The big advantage of a shipping container is the ability to cheaply ship it. Once you cut into it you can't ship it anymore. It's not a great use of recycled material as it uses way too much steel for a dwelling.

I'm actually in the market for a shippable shipping container house. Similar to https://m.youtube.com/watch?v=sPgjndFqqwY . He gives the quote of $50K including high quality fittings and market price labor. I will probably build one myself then ship it to where I need it. I'm an expat and I historically move countries every year or so. If you were to build a clone of this I would buy it.
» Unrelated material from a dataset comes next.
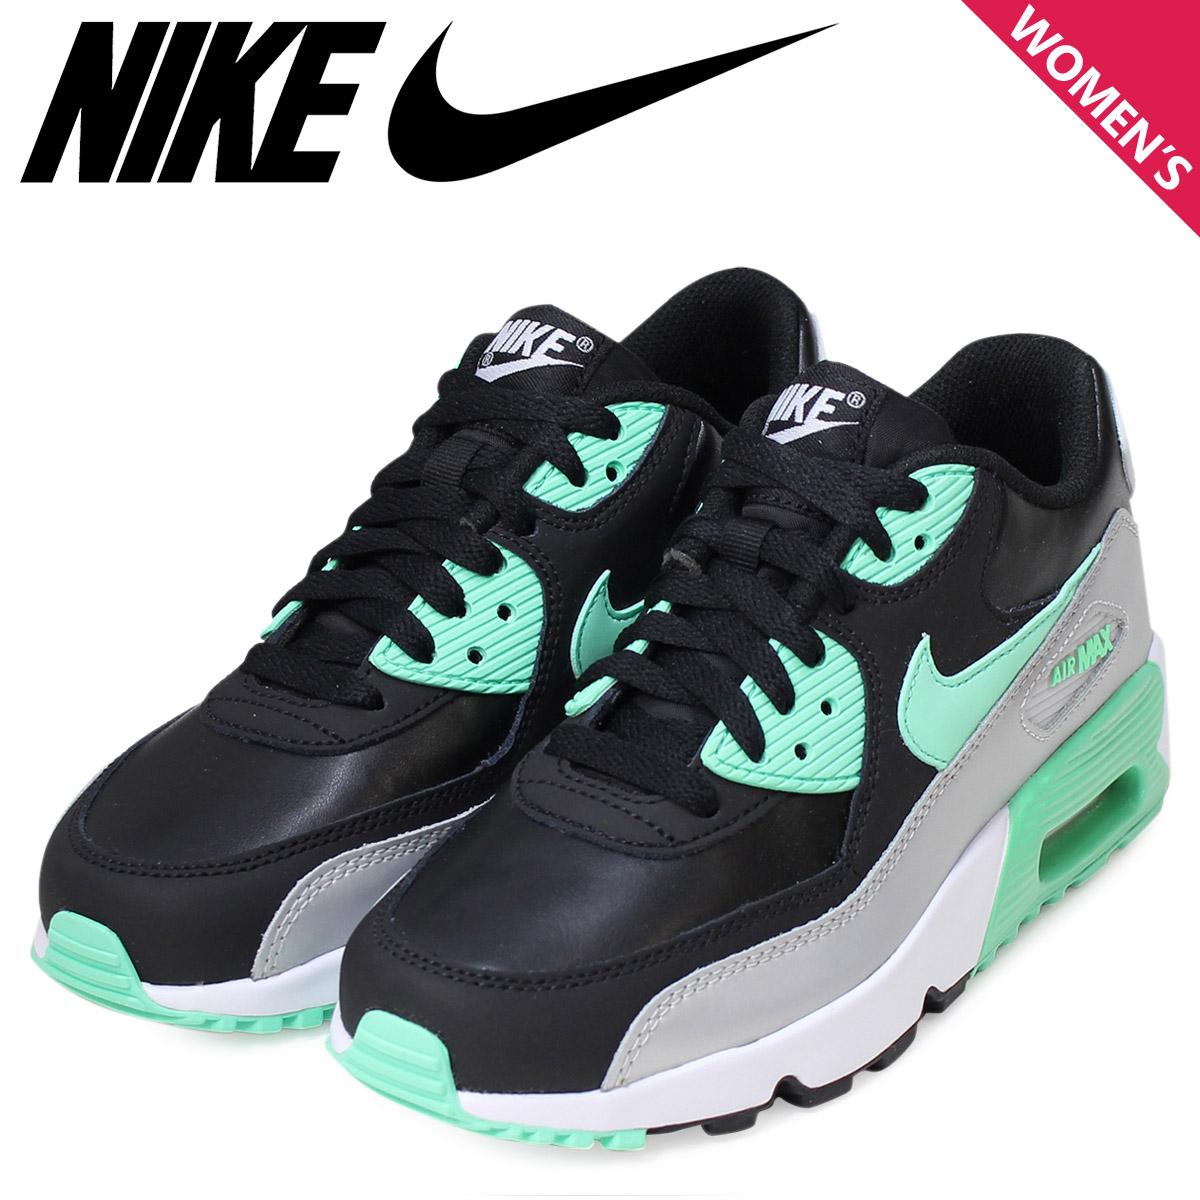 Nike NIKE Air Max Lady's sneakers AIR MAX 90 LTR GS Air Max 833,376-001  shoes black [1/13 Shinnyu load]

Another benefit of shippable shipping container homes is you can service customers anywhere around the globe! Not just SF.

1 comments

At those price points these posh studio sheds become competitive

https://www.studio-shed.com/

The problem with all of these seems to be: where could you actually live in one in any city or suburban area? I don't reckon you can just buy a small plot of land on a residential street in San Jose and plop this down, hook up utilities, pave a driveway, and live in it. I doubt any homeowners here would want it next to them. I've never seen it done in the Bay Area. Is it possible?
The idea is beautiful, living "in a box" is sure something complex because of the regulations.

But I remember very pleasantly a holiday in one of these prefabricated (in Sweden): with a good (big and serious) design work and targeting the recreation market they could even raise prices.

An example: [http://www.vipp.com/en/shelter/the-vipp-shelter/the-vipp-she...] - [https://youtu.be/LCyN1hxQtdA]

> I doubt any homeowners here would want it next to them.

IMHO it all boils down to your product: if you're selling a high quality tiny home / shelter / box, then I definitely want one of those next to me.